The late Noughties saw the rise of a sub-genre of gleefully vulgar party films that follow a single night of accelerating misbehaviour, from Superbad and The Hangover to Game Night. Booksmart is a more cerebral take on the genre: its clever, funny, feminist leads undercut the dafter party sequences with their own private wit and chemistry. On screen together, they are an infectious delight.

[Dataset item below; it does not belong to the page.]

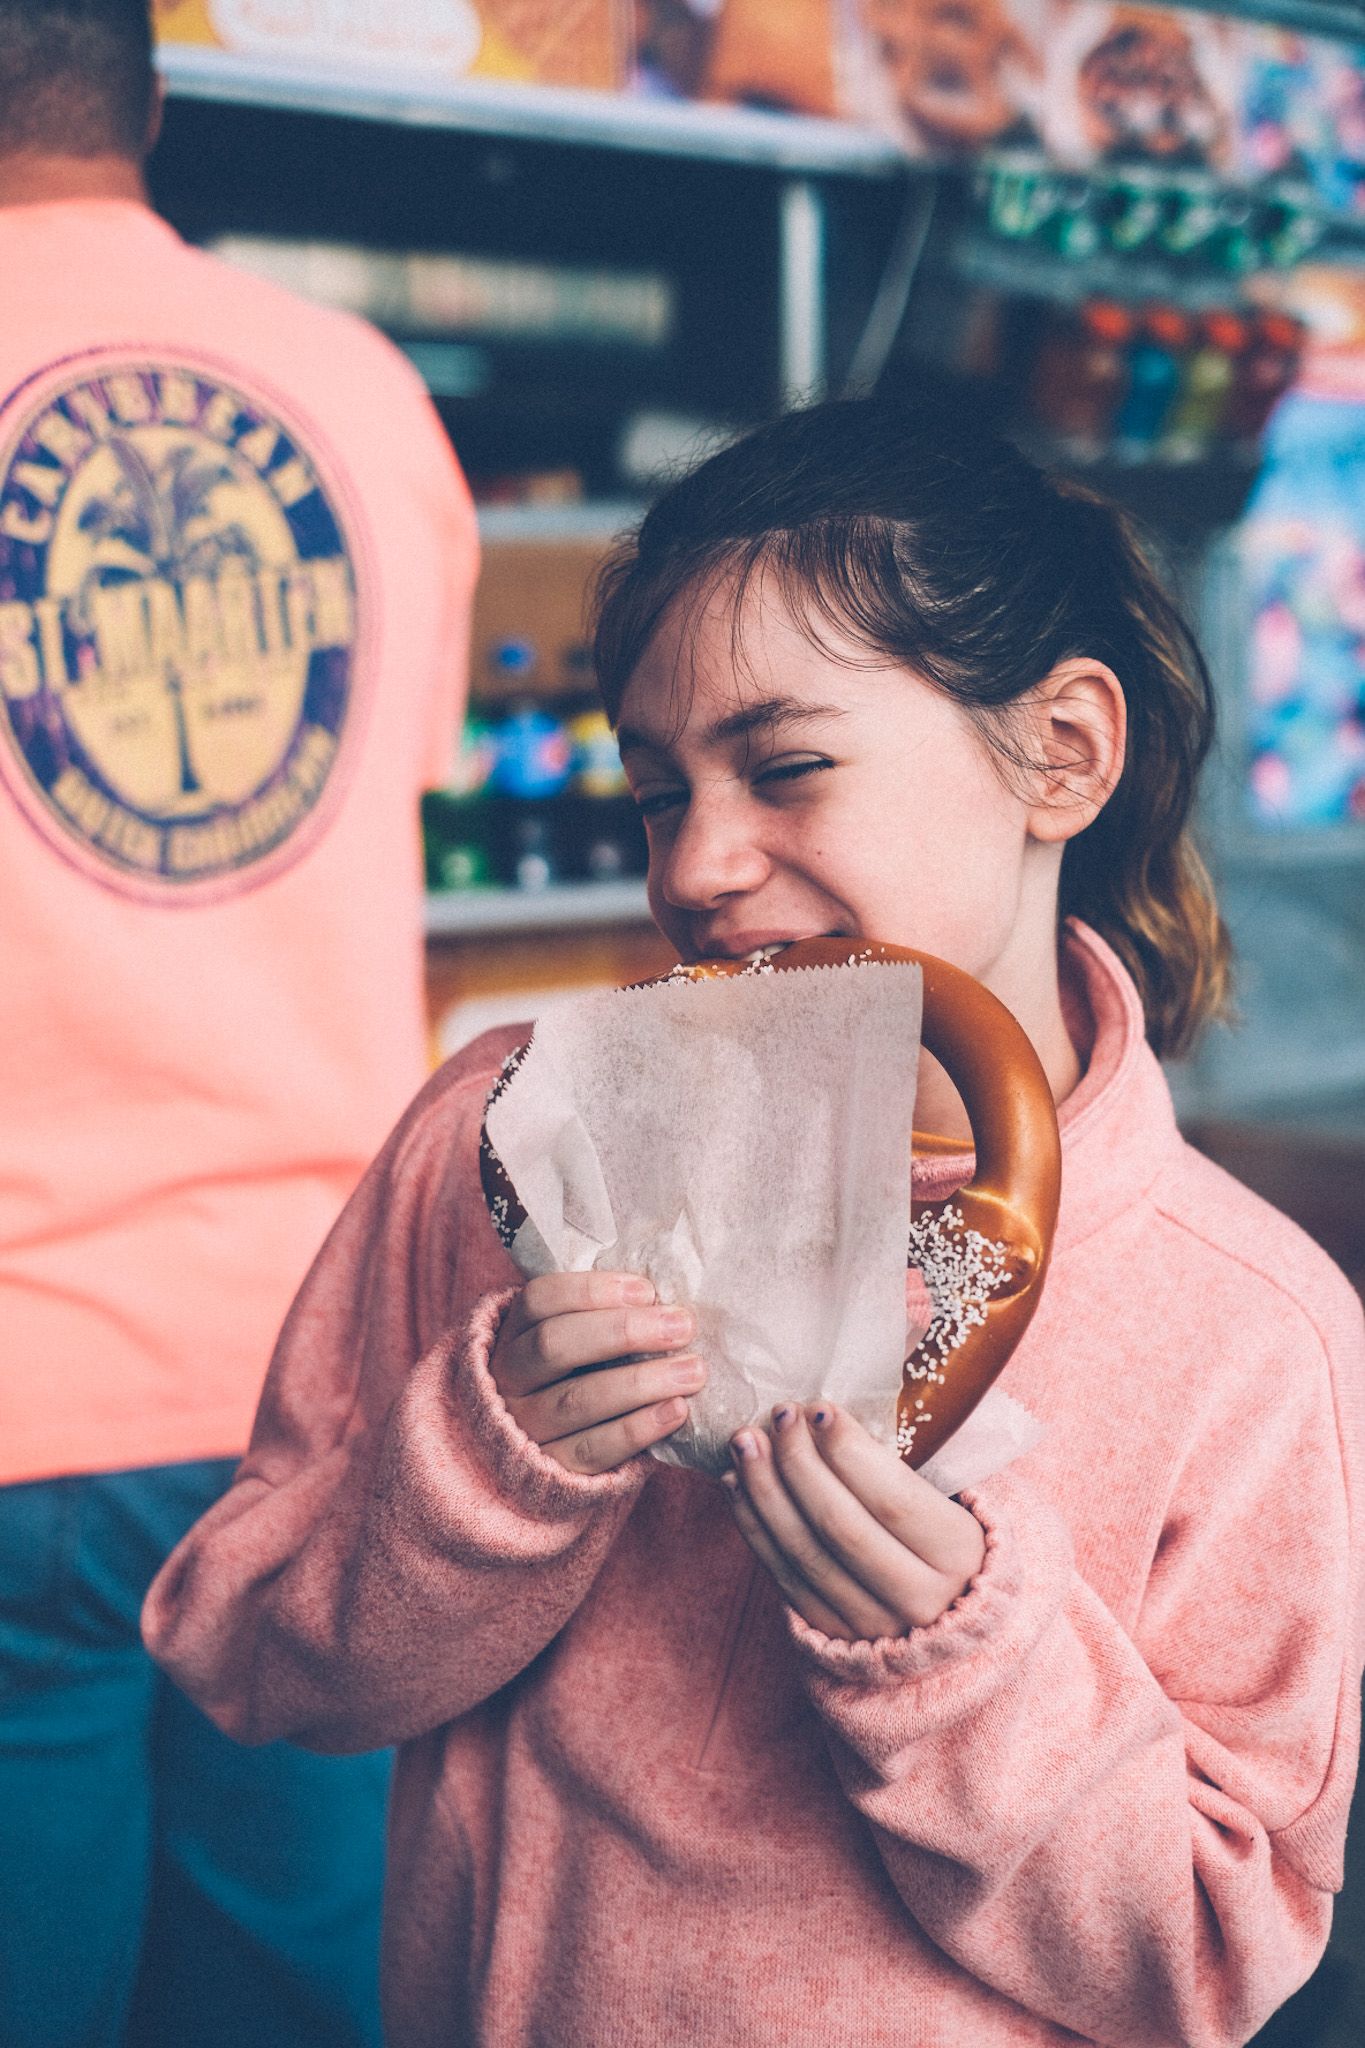 A girl eats a pretzel from a street cart.

The set-up bakes some pacing issues into the film: the lead arcs feel like they’re on fast-forward and secondary characters are underdeveloped; a long sequence where Molly and Amy become animated Barbie dolls feels like a misstep. As the friends search for hottie Nick’s elusive house party, they repeatedly find themselves at the wrong address, or alone at the side of the rode with no phone battery: but these deliberate narrative frustrations only hamper the film’s momentum, which pleasingly clicks into gear once Molly and Amy actually arrive.

The soundtrack, with songs from Lizzo, Perfume Genius, and Run the Jewels, is charismatically deployed, though the ironic use of “Unchained Melody” in an emotionally climactic scene makes too much of a joke of Amy and Molly’s sincere, grounded friendship. While it lacks the depth and heart of Feldstein’s other high school comedy, Lady Bird, Booksmart is a warm, viable comedy that freshens up hyper-masculine cinematic motifs, insisting that the brash American party movie can be both silly and smart.